• [Task directions]: Return exactly the run of lines that begins at the line containing "All pieces of" and ends at the last line of the material below; pictures stay out.

• [Data below]:

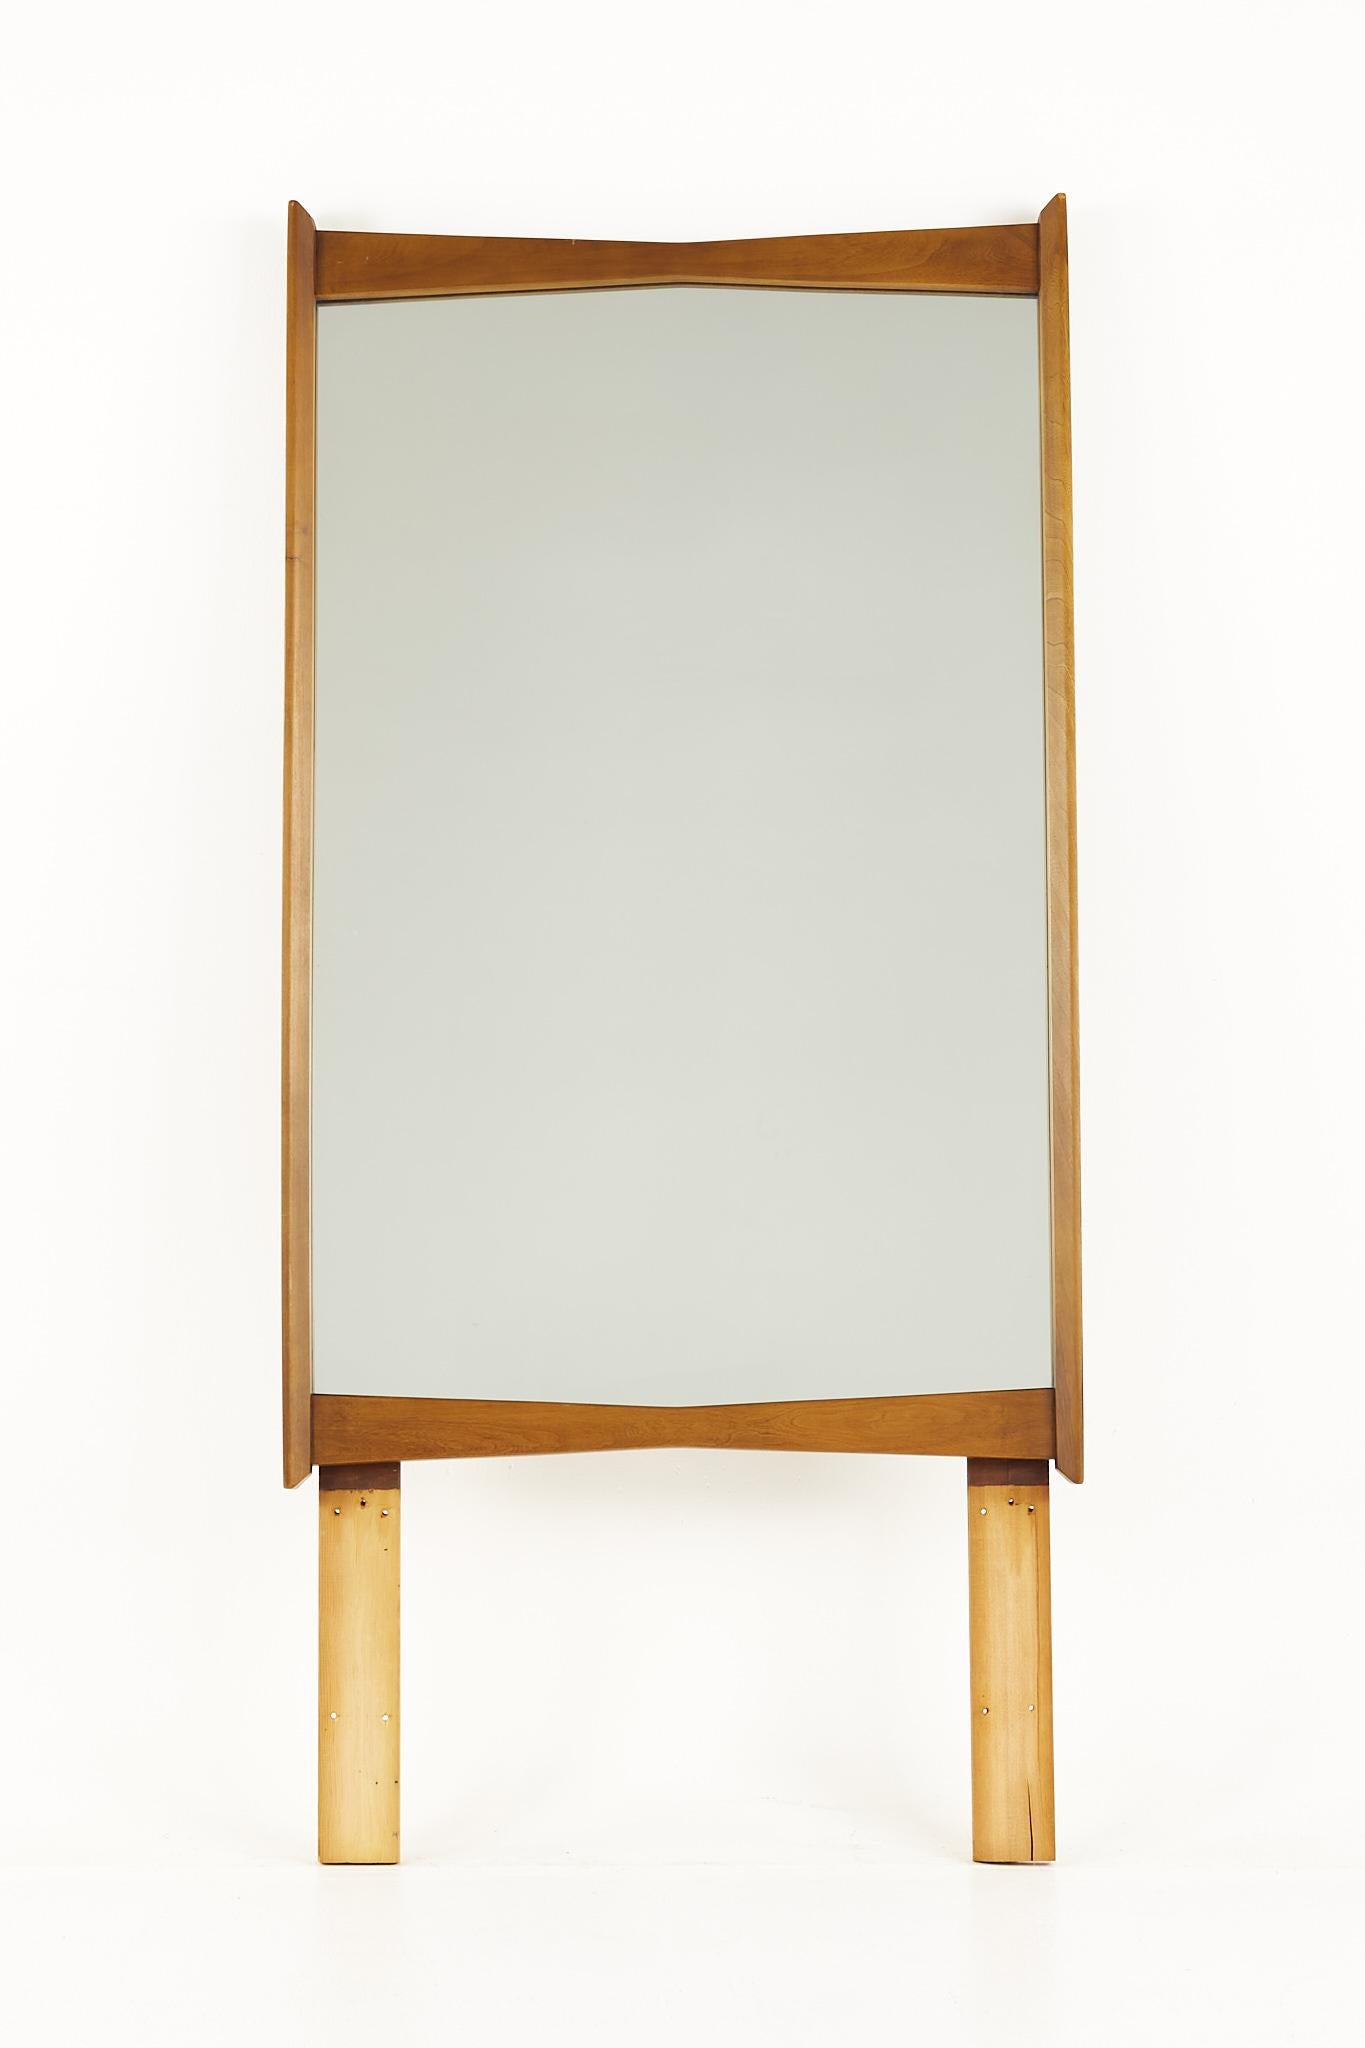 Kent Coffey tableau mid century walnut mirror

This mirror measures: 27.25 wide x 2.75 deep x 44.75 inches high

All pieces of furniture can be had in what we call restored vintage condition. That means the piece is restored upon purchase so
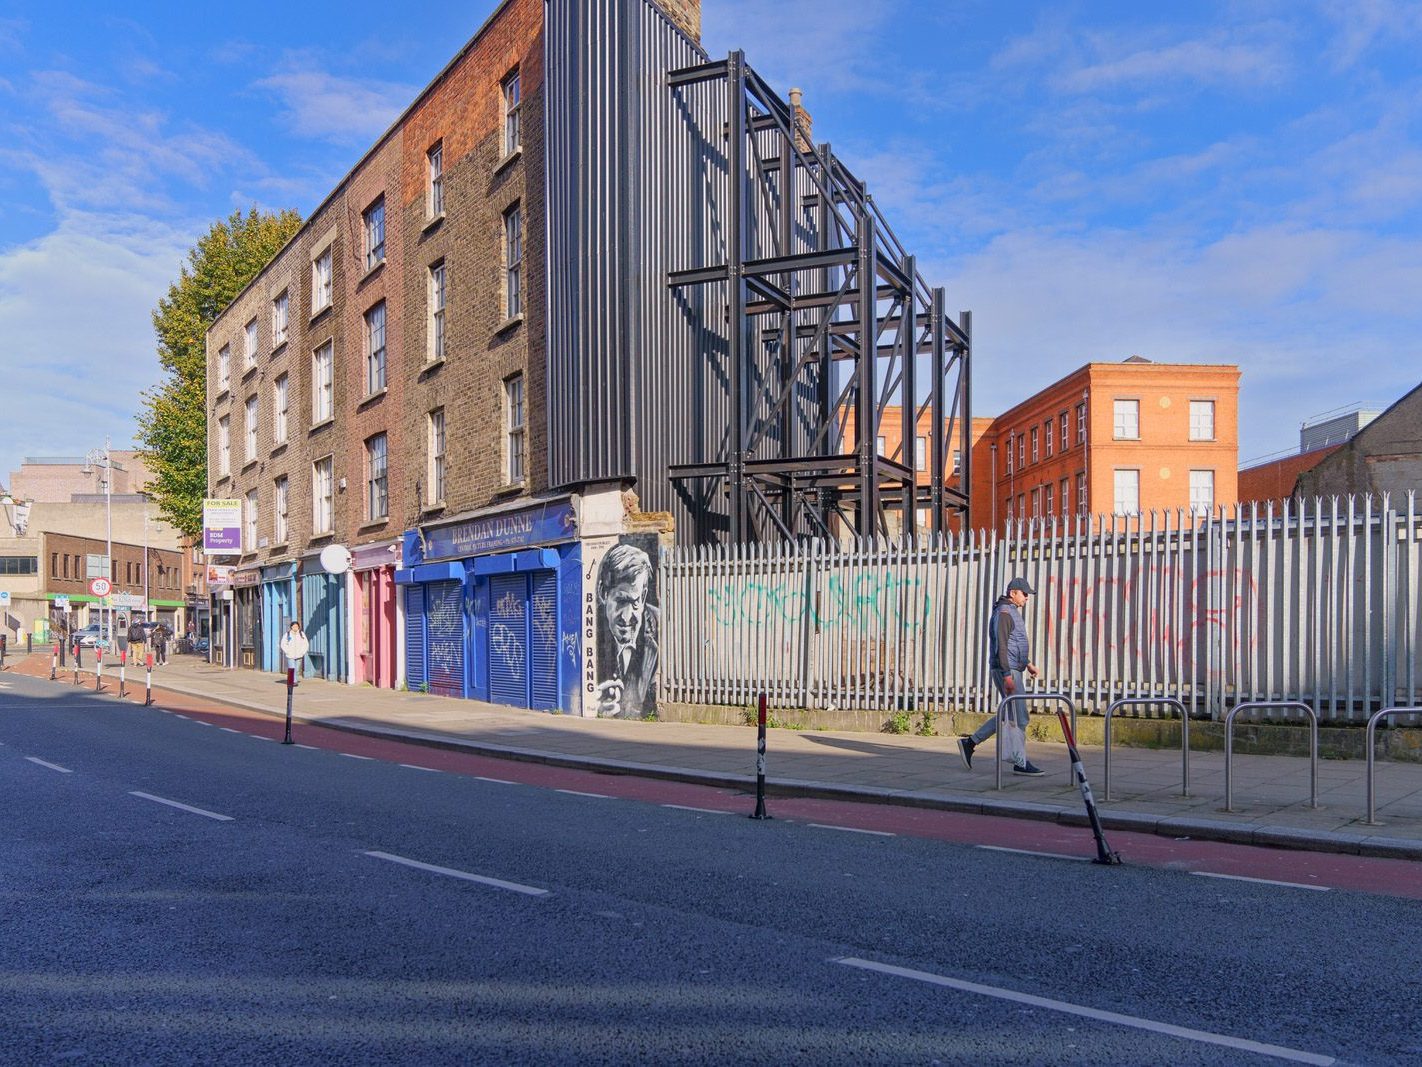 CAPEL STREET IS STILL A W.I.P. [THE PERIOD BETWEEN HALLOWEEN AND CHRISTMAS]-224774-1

• [Answer space]:
All pieces of furniture can be had in what we call restored vintage condition. That means the piece is restored upon purchase so
 CAPEL STREET IS STILL A W.I.P. [THE PERIOD BETWEEN HALLOWEEN AND CHRISTMAS]-224774-1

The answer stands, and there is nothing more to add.